Dante: Sicher lief es für uns in dieser Saison bisher fantastisch, aber wir sind noch lange nicht am Ziel. Auf uns wartet ein heißes Programm, und es wird entscheidend vor allem die wichtigsten Spiele zu gewinnen, wie jetzt beim VfL Wolfsburg oder das Achtelfinale in der Champions League gegen Schachtjor Donezk. Spielerisch gesehen haben wir eine sehr gute Mischung zwischen stabiler Defensive und viel offensivem Potenzial gefunden. Wenn wir bei jedem Spiel konzentriert, motiviert und aggressiv zur Sache gehen, dann werden wir unsere Ziele erreichen.

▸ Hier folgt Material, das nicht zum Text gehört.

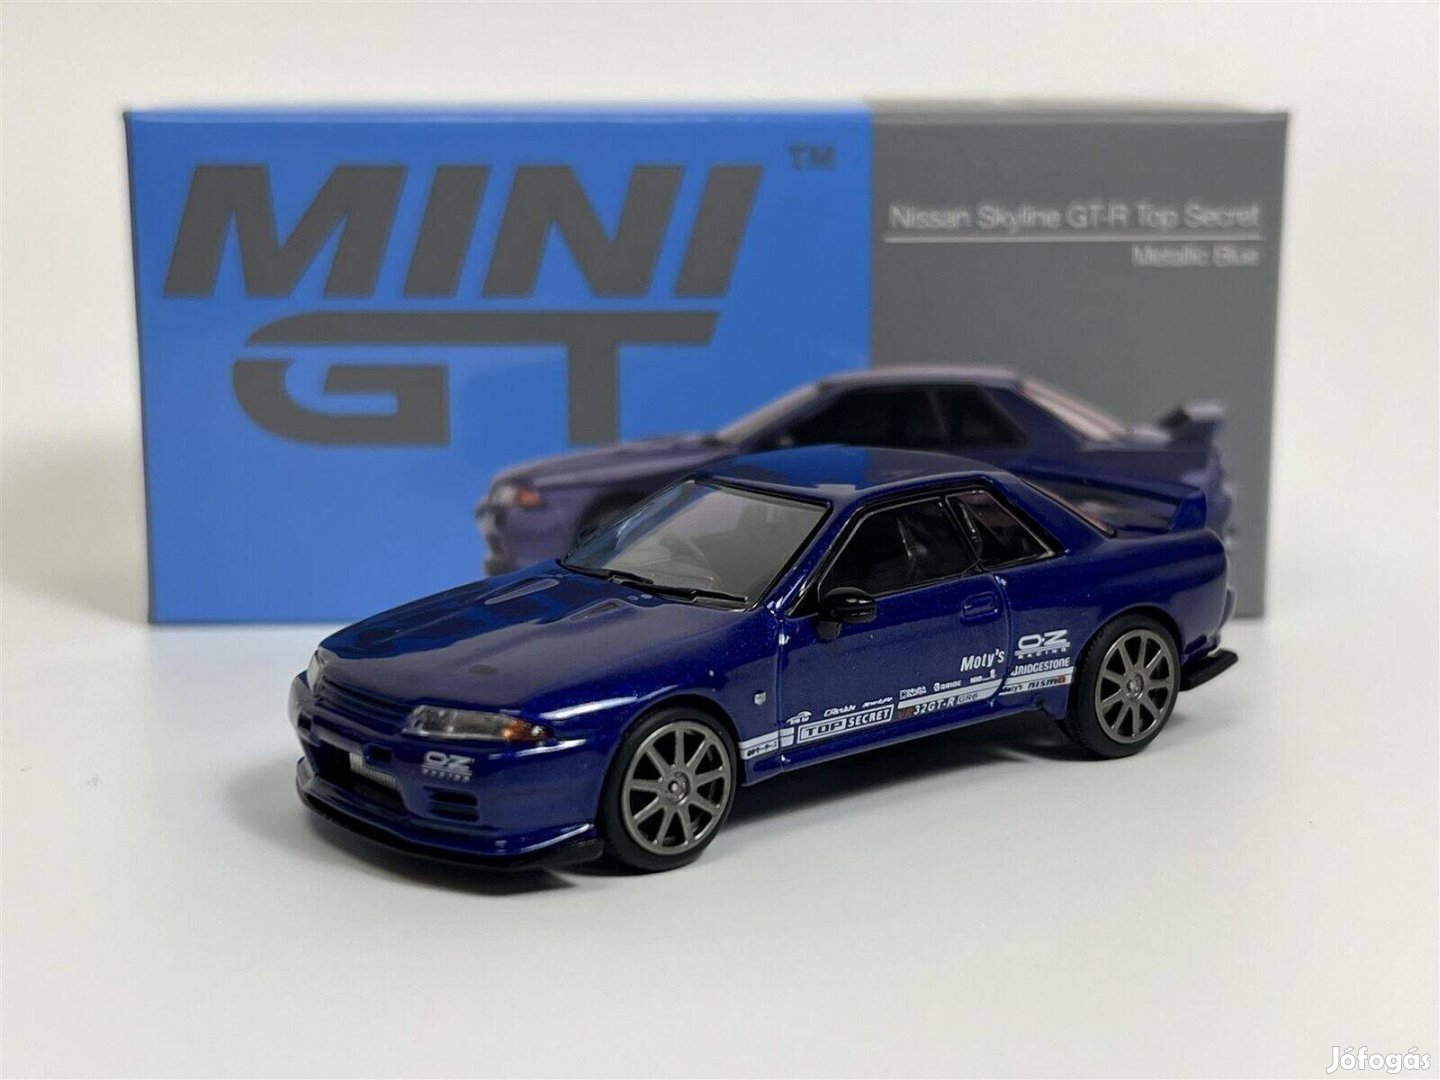 Mini GT Nissan Skyline GT-R Top Secret VR32 Metallic Blue

Frage: Ist es auch eine Herausforderung zu versuchen, als erster Deutscher Meister ohne eine Niederlage gekrönt zu werden?

Dante: Ja, das wäre toll. Als Innenverteidiger würde ich mich darüber sehr freuen. Außerdem haben wir in unseren Reihen mit Manuel Neuer den besten Torwart der Welt. Nichtsdestotrotz denken wir nicht an Rekorde, sondern wir wollen wieder Meister werden.

"Werden die Bundesliga bis zum letzten Spieltag ernst nehmen"

Frage: Ist die Bundesliga nur noch eine Art Training für die Champions League ?

Dante: Wir haben zwar einen großen Vorsprung, und wir werden versuchen diesen Vorsprung zu halten, um frühzeitig Deutscher Meister zu werden, aber wir werden die Bundesliga bis zum letzten Spieltag sehr ernst nehmen.

Frage: Was für ein Spiel kann man in der Volkswagen Arena erwarten?

Dante: Es ist sicherlich ein Spitzenspiel. Der VfL steht nicht zufällig auf Platz zwei. Es wird ein sehr schweres Spiel. Wir müssen aufpassen, weil wir mit einer Niederlage nicht mehr diesen großen Vorsprung hätten. Wir wollen sofort ein Zeichen setzen.